In 2009, pitchers Beckett and Santana had very similar batting averages against (BAA), the percentage of at-bats that result in a hit by the opposing team’s batters. Lower is better since the BAA measures how effectively a pitcher prevents hits. Beckett’s BAA was 0.2441, and Santana’s was 0.2438. To write these numbers in terms of events, let \( H_B \) be the event that Beckett allows a hit, with \( \mathbb{P}[H_B] = 0.2441 \). Similarly, let \(H_S\) be the event Santana allows a hit, with \( \mathbb{P}[H_S] = 0.2438 \).

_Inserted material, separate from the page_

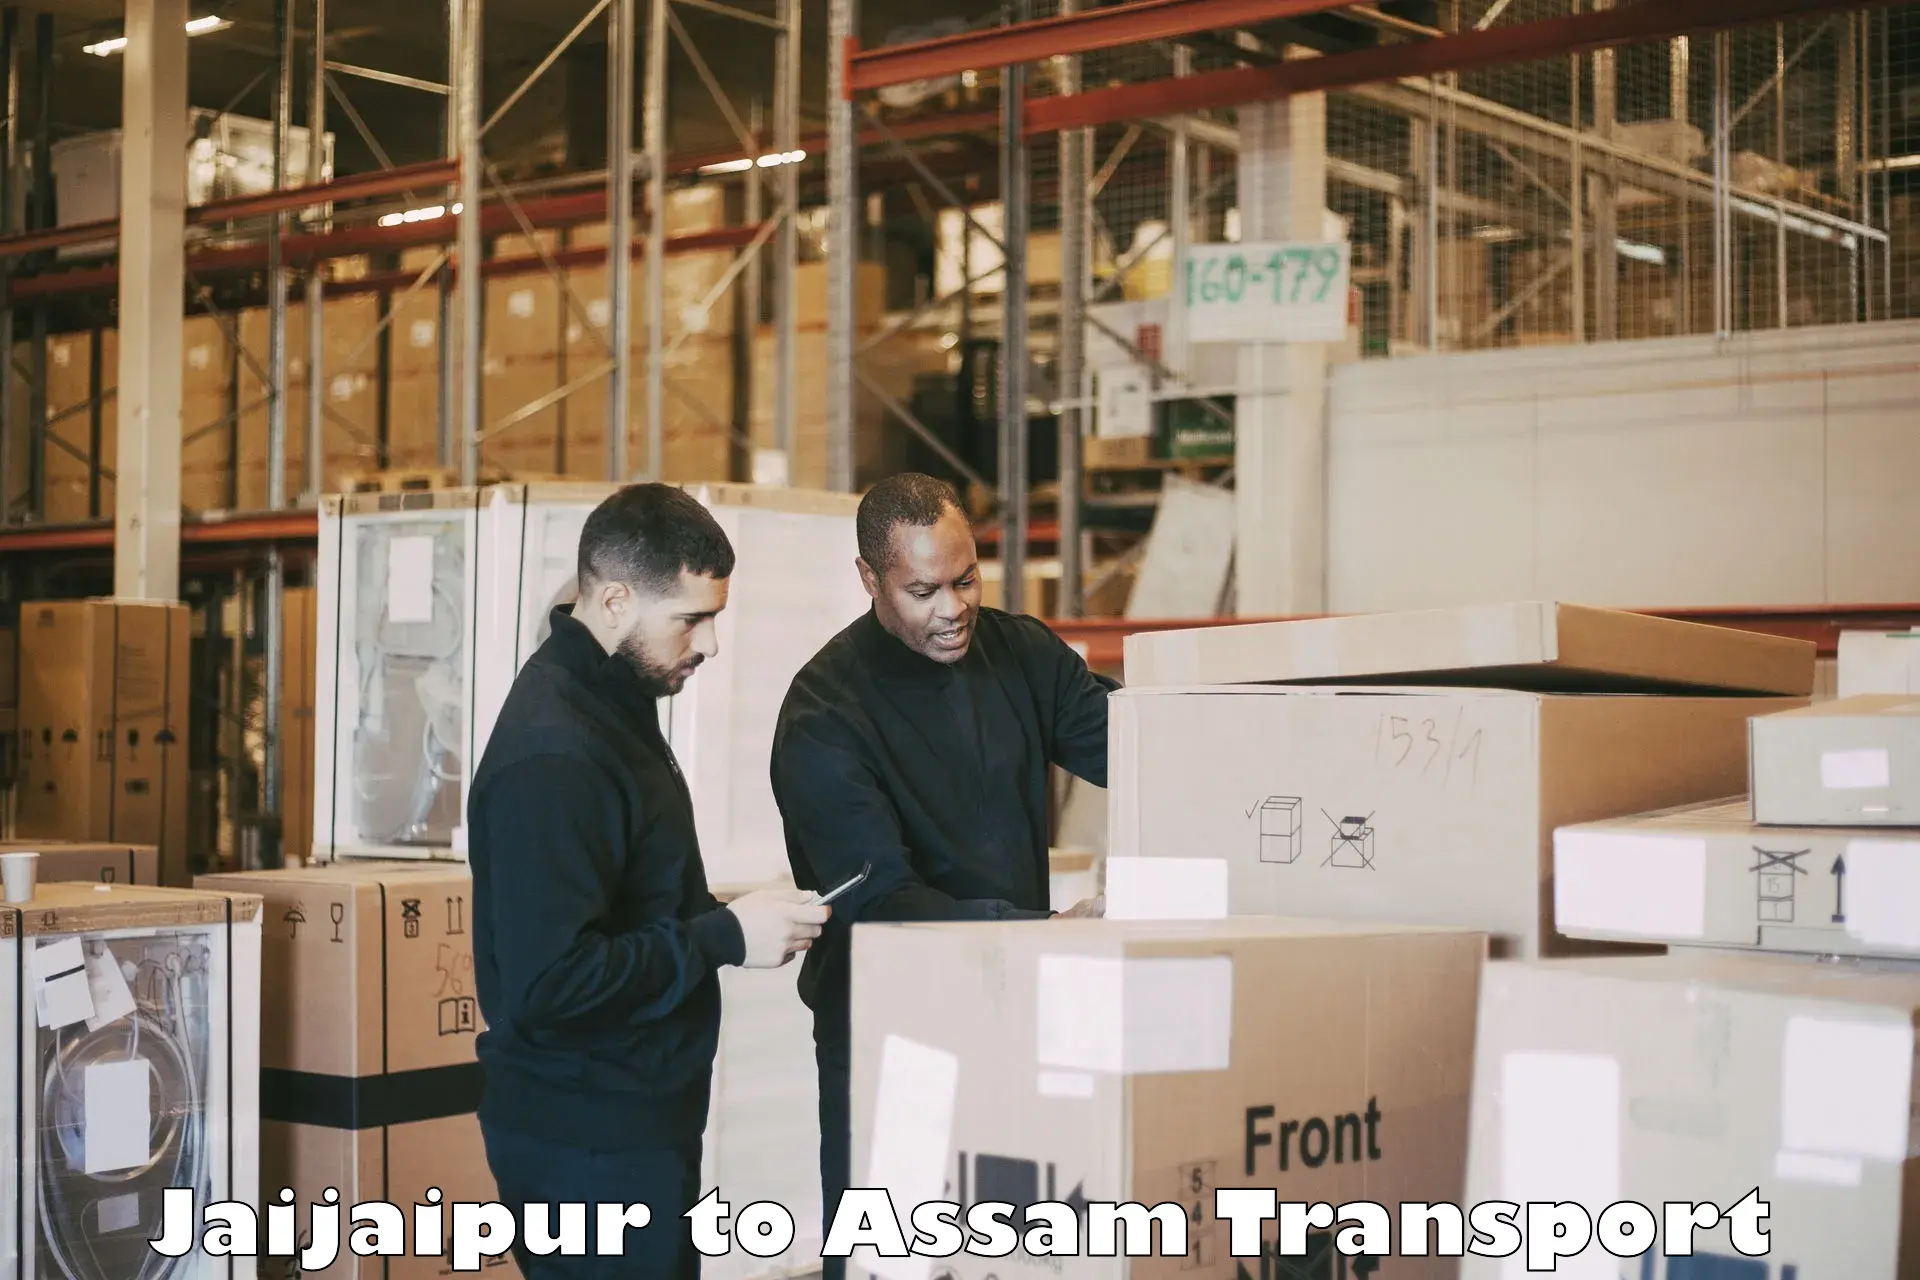 Furniture transport service Jaijaipur to Mirza Kamrup

However, when we break down the data by handedness of the batters, Beckett’s performance appears better. Let \( R_B \) be the event that a batter facing Beckett was right-handed, and let \(R_S\) be the same for Santana. For right-handed batters, Beckett’s conditional BAA was \( \mathbb{P}[H_B \mid R_B] = 0.226 \), while Santana’s was \( \mathbb{P}[H_S \mid R_S] = 0.235 \). Similarly, against left-handed batters, Beckett’s BAA was \( \mathbb{P}[H_B \mid R_B^c] = 0.258 \), compared to Santana’s \( \mathbb{P}[H_S \mid R_S^c] = 0.267 \). Despite these superior conditional BAAs for Beckett, his overall BAA was slightly worse than Santana’s.

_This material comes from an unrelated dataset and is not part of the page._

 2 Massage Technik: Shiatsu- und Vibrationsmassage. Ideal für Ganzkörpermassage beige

This difference arises from the distribution of right- and left-handed batters each pitcher faced. Beckett faced a lower proportion of right-handed batters compared to Santana. Using the LOTP, the overall BAA can be calculated by considering both conditional probabilities and the proportions of right- and left-handed batters faced:

\[\begin{align*} \mathbb{P}[H_B] &= \mathbb{P}[H_B \mid R_B]\mathbb{P}[R_B] + \mathbb{P}[H_B \mid R_B^c]\mathbb{P}[R_B^c]\\ &= 0.226 \times 0.432 + 0.258 \times 0.568 = 0.2441 \end{align*}\]

and

\[\begin{align*} \mathbb{P}[H_S] &= \mathbb{P}[H_S \mid R_S]\mathbb{P}[R_S] + \mathbb{P}[H_S \mid R_S^c]\mathbb{P}[R_S^c]\\ &= 0.235 \times 0.719 + 0.267 \times 0.281 = 0.2438. \end{align*}\]

Santana faced a significantly higher proportion of right-handed batters (71.9%) compared to Beckett (43.2%), which contributed to lowering his overall BAA, despite his conditional BAAs being worse than Beckett’s in both right- and left-handed matchups.